MIT presents new approach to measure uncertainty of LLMs

MIT has presented a new approach that can measure the uncertainty of LLMs more reliably.

AI language models like ChatGPT often appear with great conviction, even when they are spouting complete nonsense. This phenomenon of hallucinations is a major problem if we want to rely on their answers. Previous methods to measure an AI's uncertainty often fail precisely because of this exaggerated "self-confidence" of the LLMs. Researchers at MIT have now developed a new approach that fixes exactly this weakness by subjecting models to a reality check with other AIs.

To understand how this works, we need to distinguish between two basic types of uncertainty: aleatoric and epistemic uncertainty.

The Problem with Blind Self-Confidence: Aleatoric Uncertainty

Previous approaches to detecting errors in AIs mostly focused on so-called aleatoric uncertainty (AU). This basically measures the internal uncertainty or erraticness of a model. The term "Alea" comes from Latin and means "dice," but can also generally refer to a game of chance.

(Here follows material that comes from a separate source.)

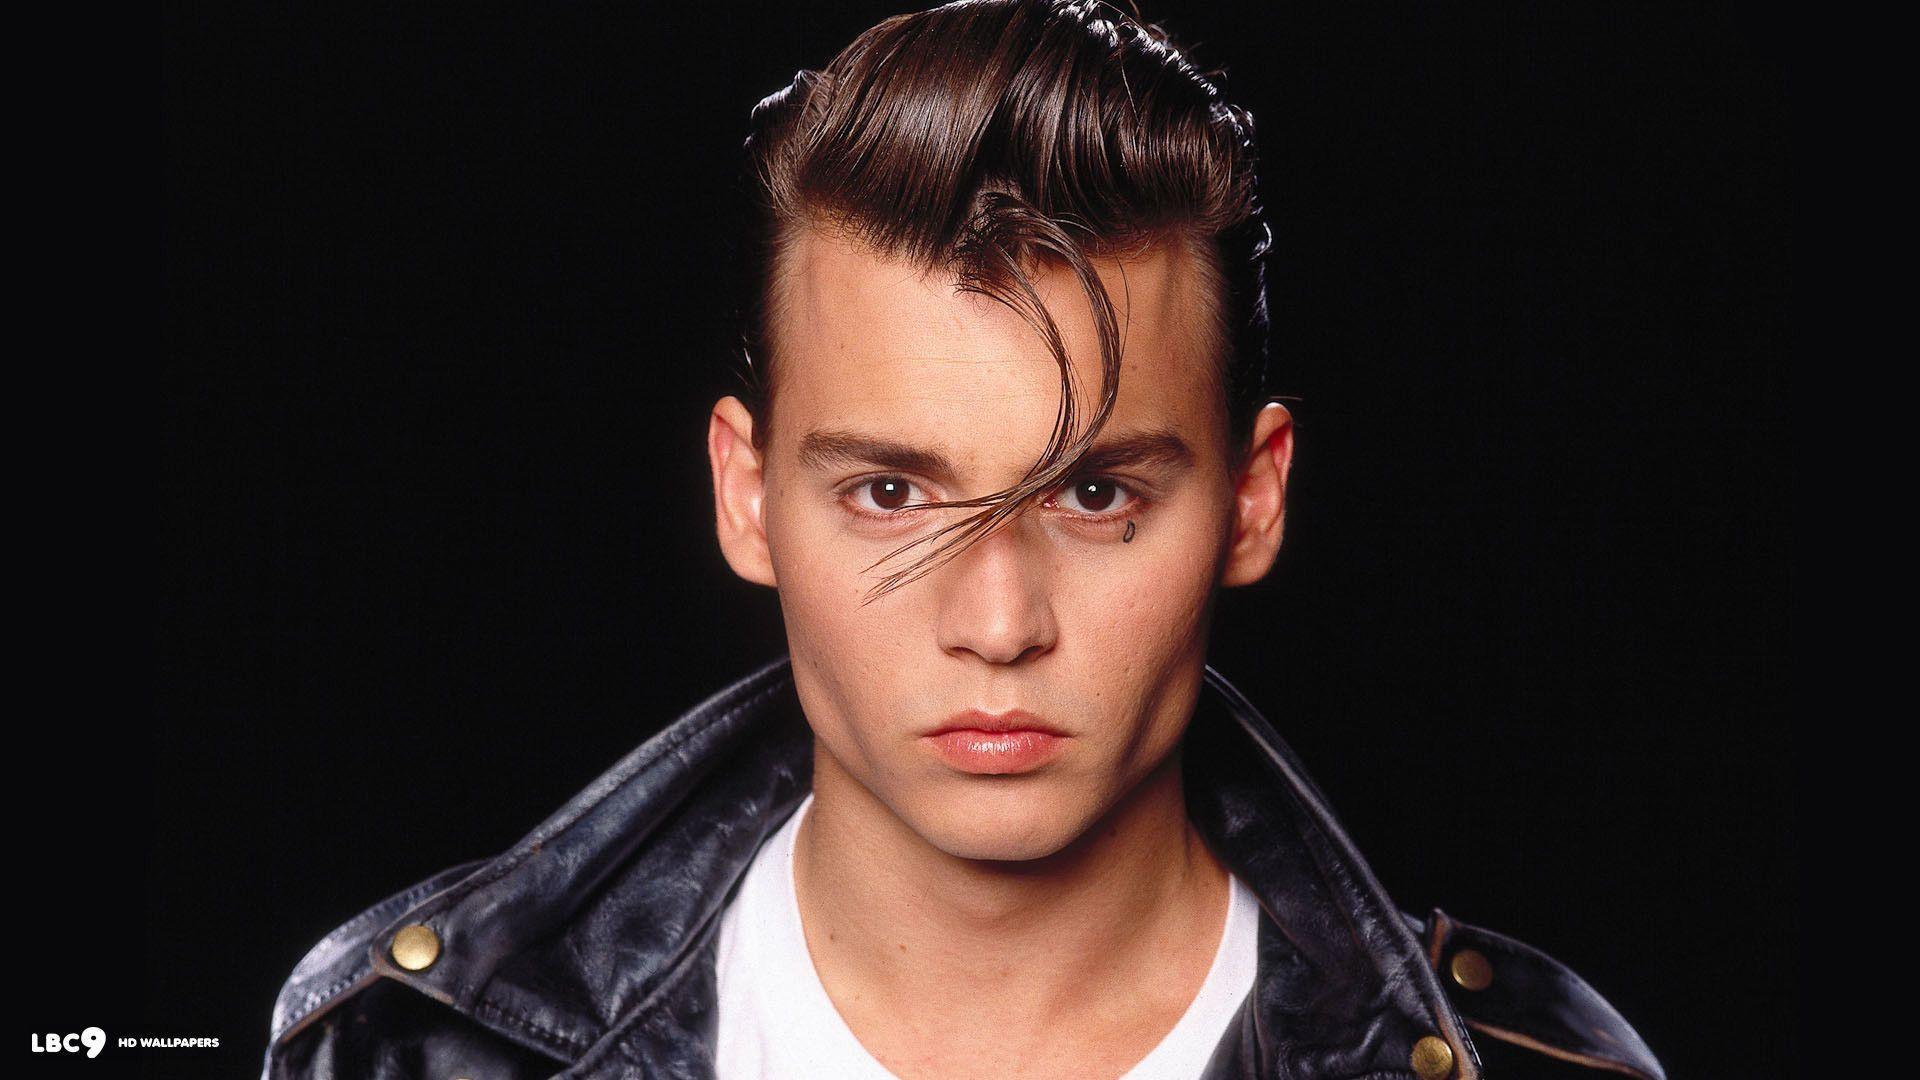 Johnny Depp Backgrounds

In practice, measuring aleatoric uncertainty works via self-consistency: you simply ask the AI the same question multiple times. If the model generates a completely different answer each time, its aleatoric uncertainty is high. The model "doubts." But if it repeatedly gives the same answer, it is considered certain.

The big problem with this: A language model can be extremely confident but still completely wrong. If the AI stubbornly invents the same wrong fact over and over again, i.e., hallucinates, the aleatoric uncertainty drops to zero and the system does not sound an alarm.

Looking Outside the Box: Epistemic Uncertainty

To eliminate this blind spot, the new approach brings epistemic uncertainty (EU) into play. While aleatoric uncertainty asks: "How certain is the model in its prediction?", epistemic uncertainty asks: "How much should WE trust this specific model at all?". The EU measures the uncertainty that arises because we might not be using the optimal model for this specific question.

Because there is no one perfect model, the MIT researchers use a clever trick: They survey a small group of other, similarly powerful language models developed by different creators.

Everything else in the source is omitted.